Cytochalasans are a large class of polyketide natural products featuring an isoindolinone structural unit. Because they can bind to intracellular actin and inhibit its polymerization, cytochalasans have long been widely used as small-molecule tools for studying the structure of the cytoskeleton and its dynamic regulation. Meanwhile, this family of natural products also exhibits diverse biological activities, including immunomodulatory effects, cytotoxicity, and nematicidal activity. In 2018, Professor Jikai Liu’s group isolated two new cytochalasan natural products—Curtachalasin A and Curtachalasin B—from an endophytic fungus parasitic on potato. Unlike the commonly encountered (5/6/11) tricyclic scaffold of traditional cytochalasans, these two molecules, for the first time, presented an unprecedented pyrrolidine/perhydroanthracene-type (5/6/6/6) tetracyclic framework. (Figure 1).

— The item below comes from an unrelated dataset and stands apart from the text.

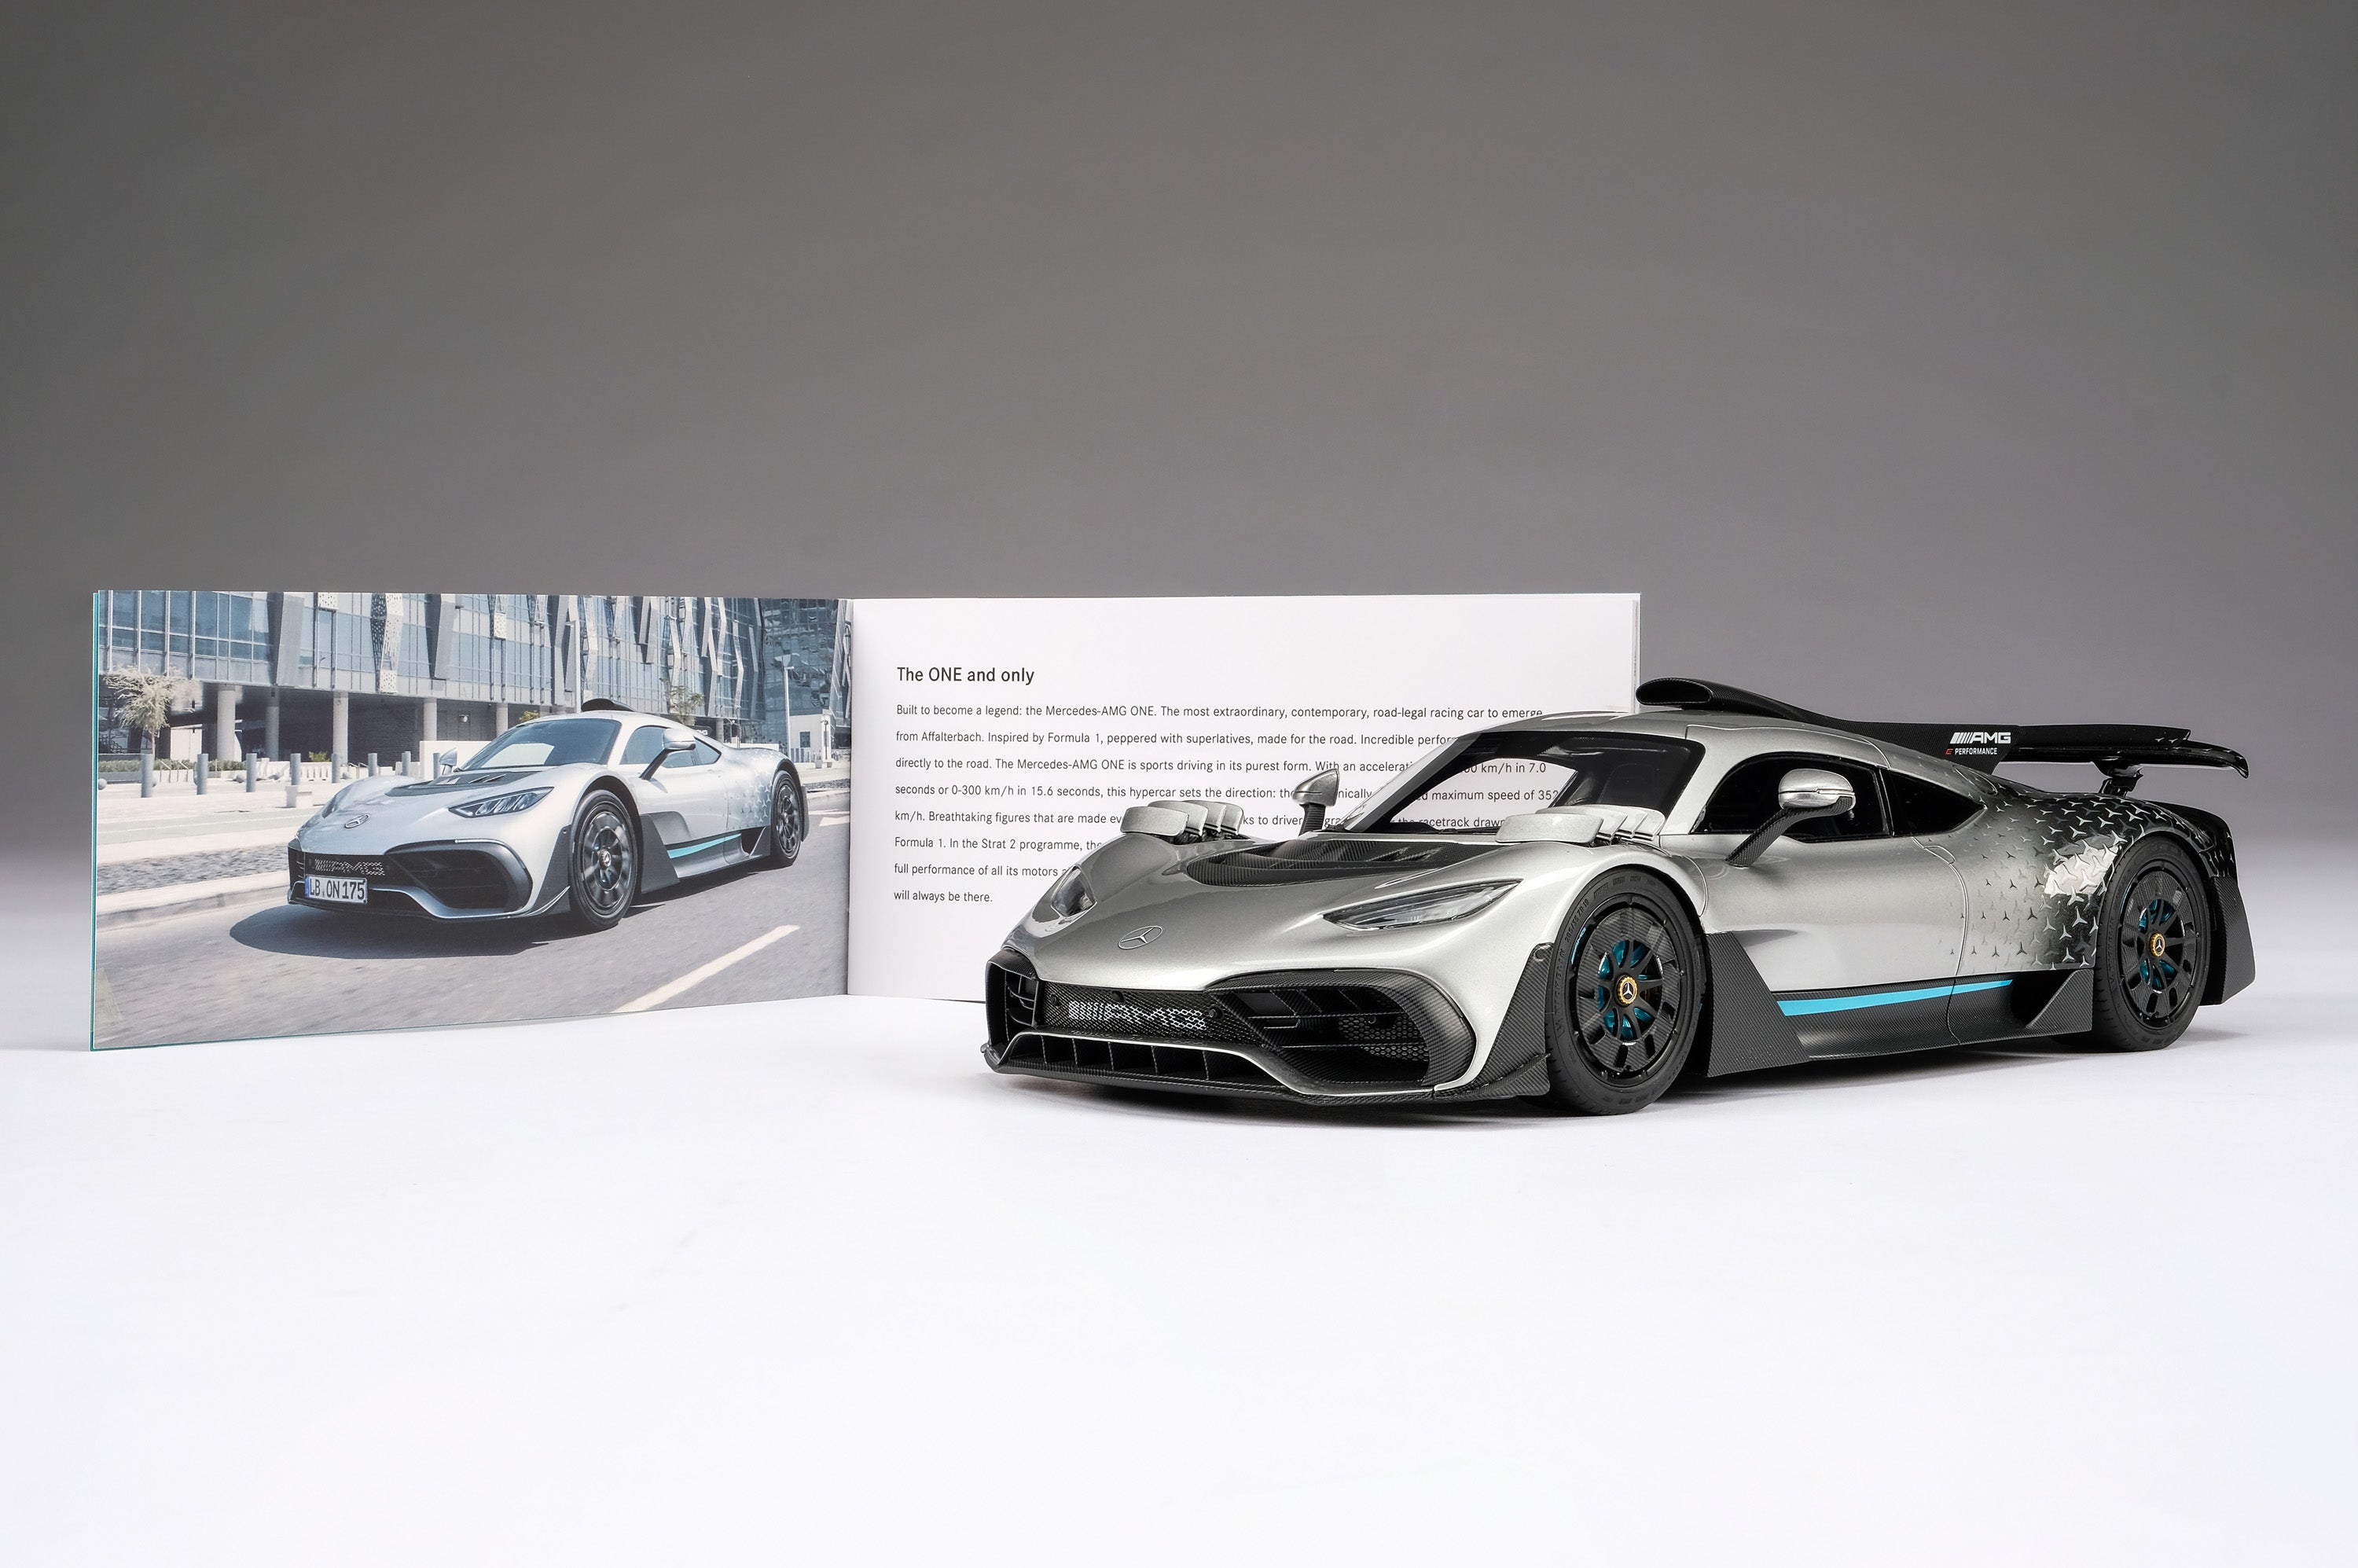 Voiture Miniature Mercedes AMG One 1/18 - ONES IVY MODEL

Figure 1. The structure of curtachalasin B

Recently, based on a bioinspired synthetic strategy, Professor Jun Deng’s group at Nankai University developed a modular and scalable approach, accomplishing the first total synthesis of Curtachalasin B and, in parallel, the synthesis of 14 related family members.The key innovations of this work lie in: (1) modular convergent synthesis combined with late-stage methyl addition, enabling efficient access to the key precursor zygosporin G; and (2) a semi-pinacol rearrangement together with a B(C₆F₅)₃-promoted transannular cyclization/α-ketol rearrangement cascade, which biomimetically constructs the complex tetracyclic framework. This study not only provides a broadly applicable synthetic strategy for curtachalasin-type natural products, but also offers direct chemical evidence, at the molecular level, for their biosynthetic pathway. Relevant achievements were published in Angew. Chem. Int. Ed., 2026, DOI: 10.1002/anie.202524740.